● **GOAL OF THE EXERCISE**:
Required from the data below: the exact lines starting at the line containing "Find Anywhere Else!" and ending at the line containing "Annual Report by", with both ends kept and all pictures dropped.

● **PROVIDED DATA**:
<<<<

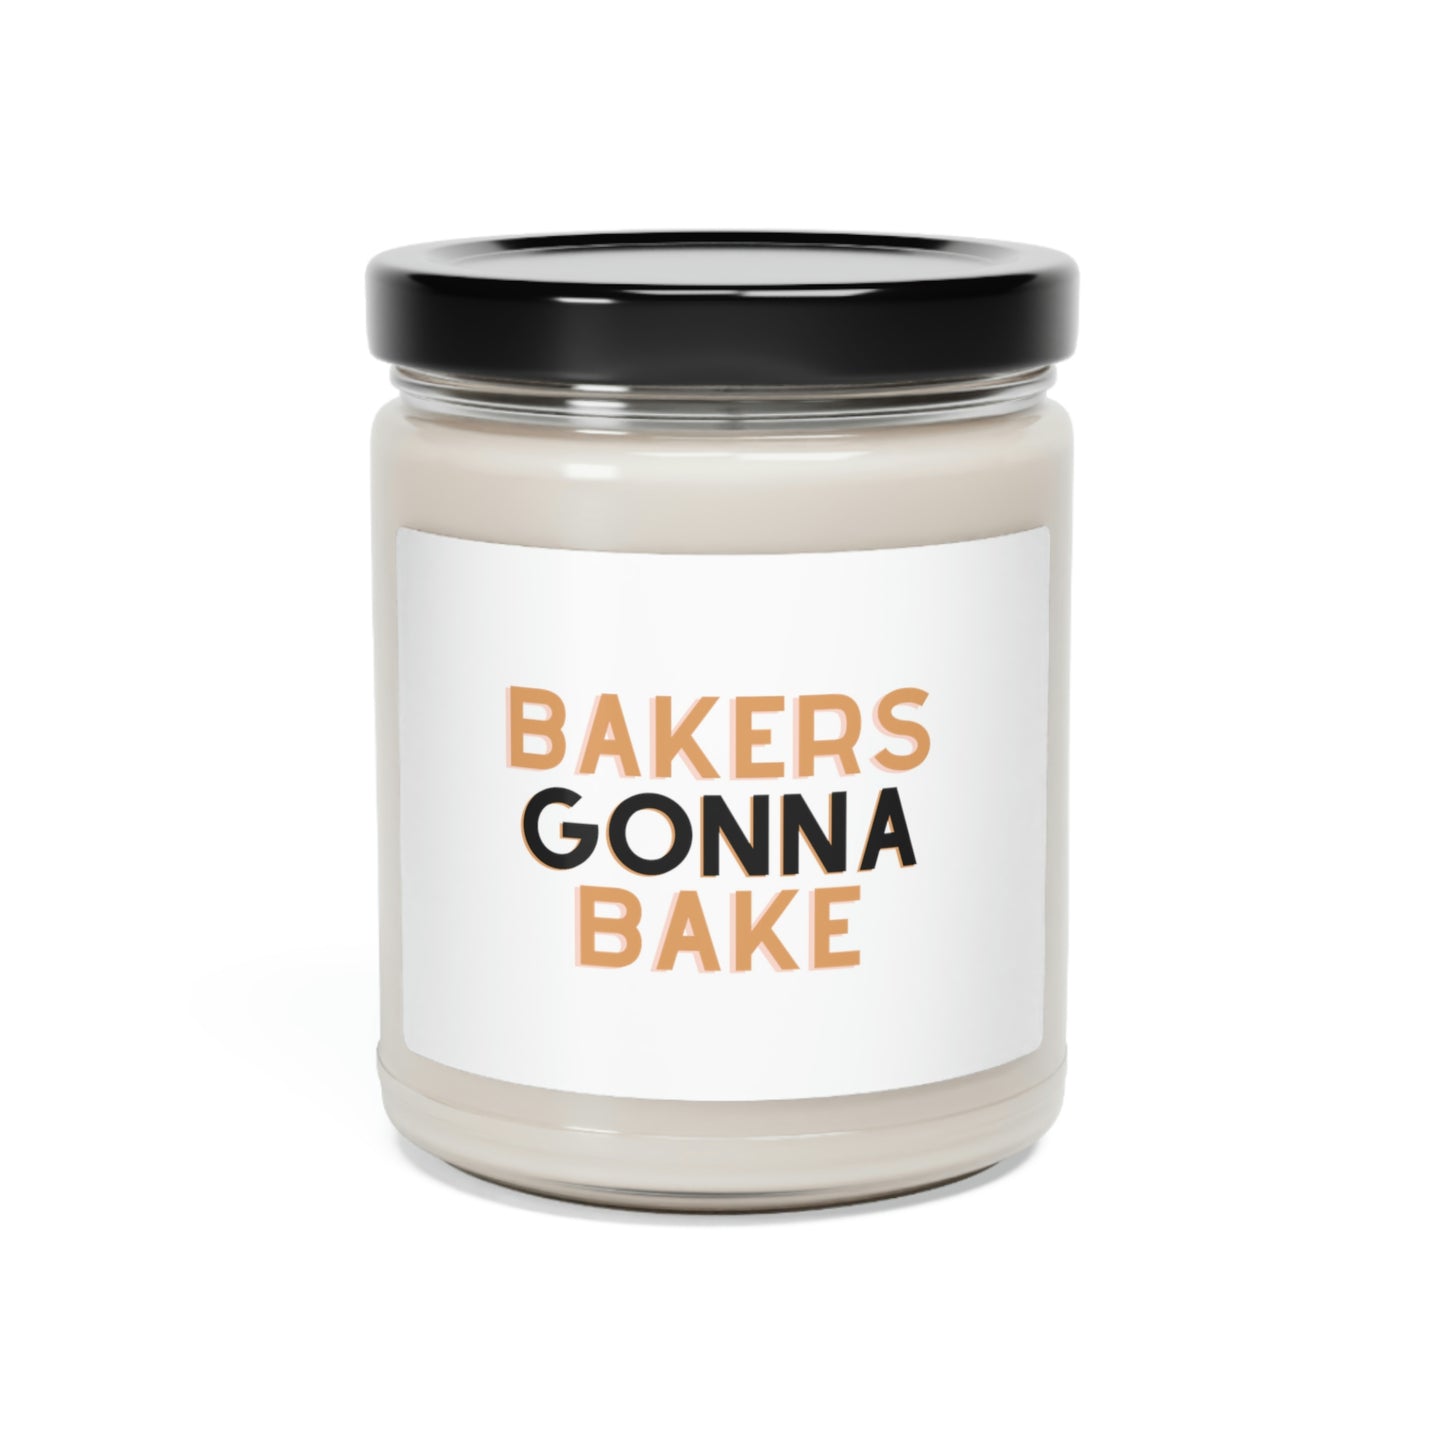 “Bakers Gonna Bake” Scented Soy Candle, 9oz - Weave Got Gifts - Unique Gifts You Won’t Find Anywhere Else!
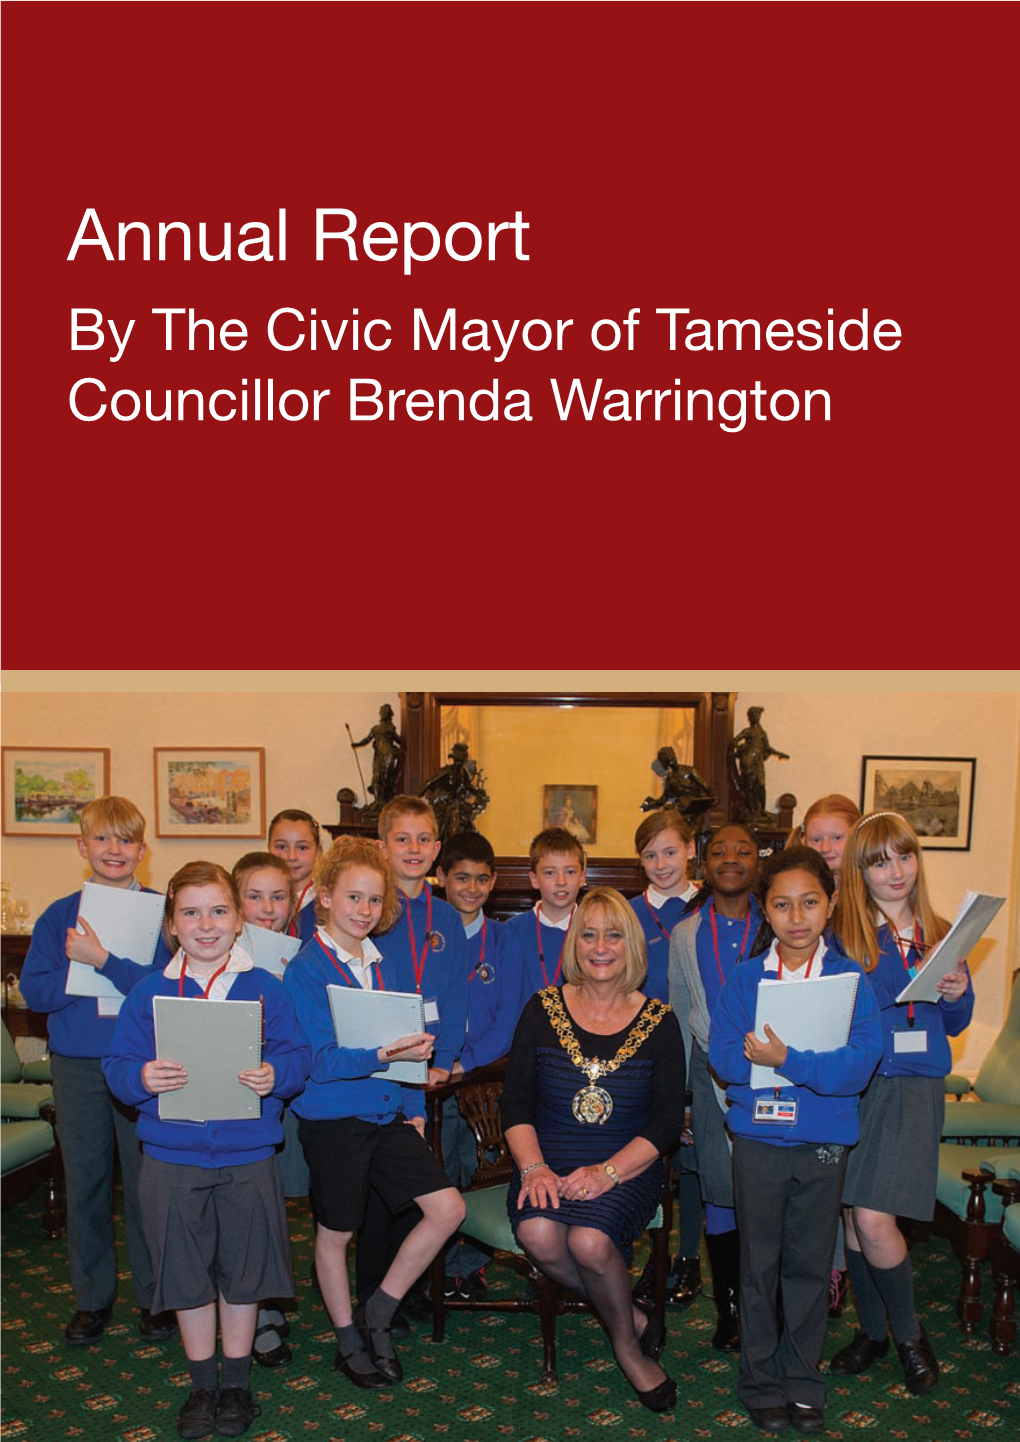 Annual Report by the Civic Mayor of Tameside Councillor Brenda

>>>>
<<<<

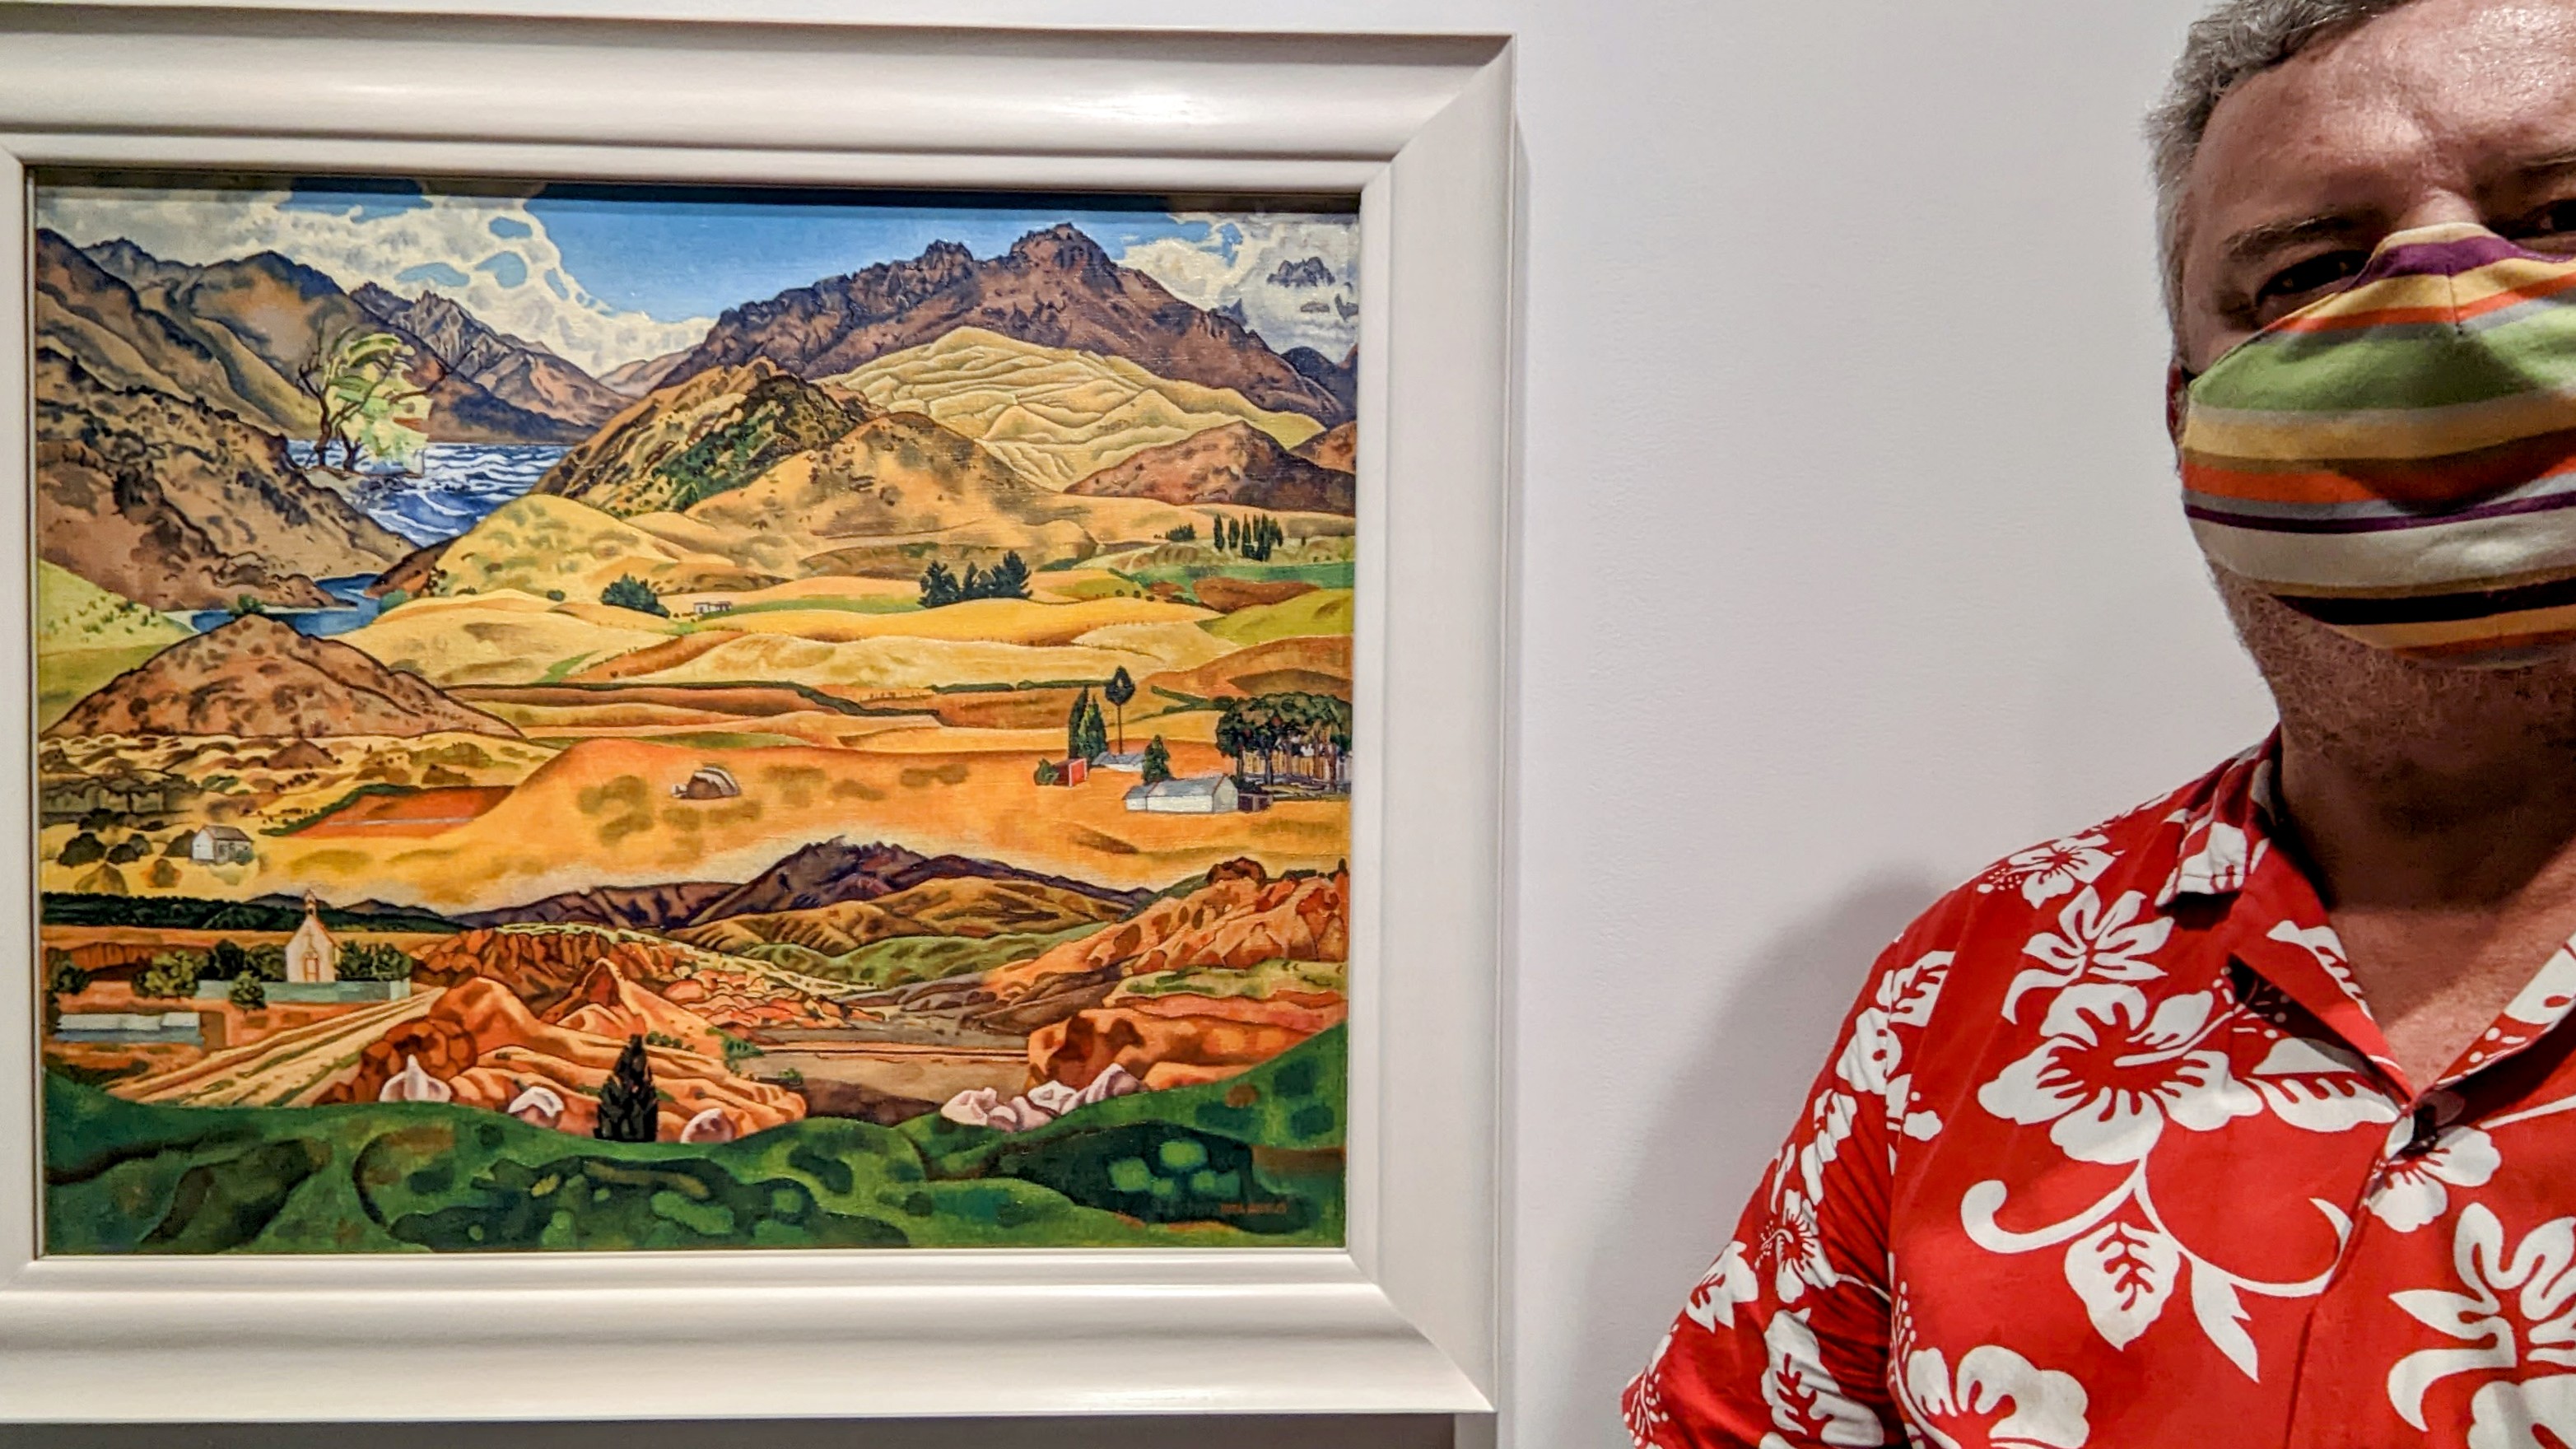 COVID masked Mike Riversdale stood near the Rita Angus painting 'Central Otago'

>>>>

● **EXERCISE ANSWER**:
 “Bakers Gonna Bake” Scented Soy Candle, 9oz - Weave Got Gifts - Unique Gifts You Won’t Find Anywhere Else!
 Annual Report by the Civic Mayor of Tameside Councillor Brenda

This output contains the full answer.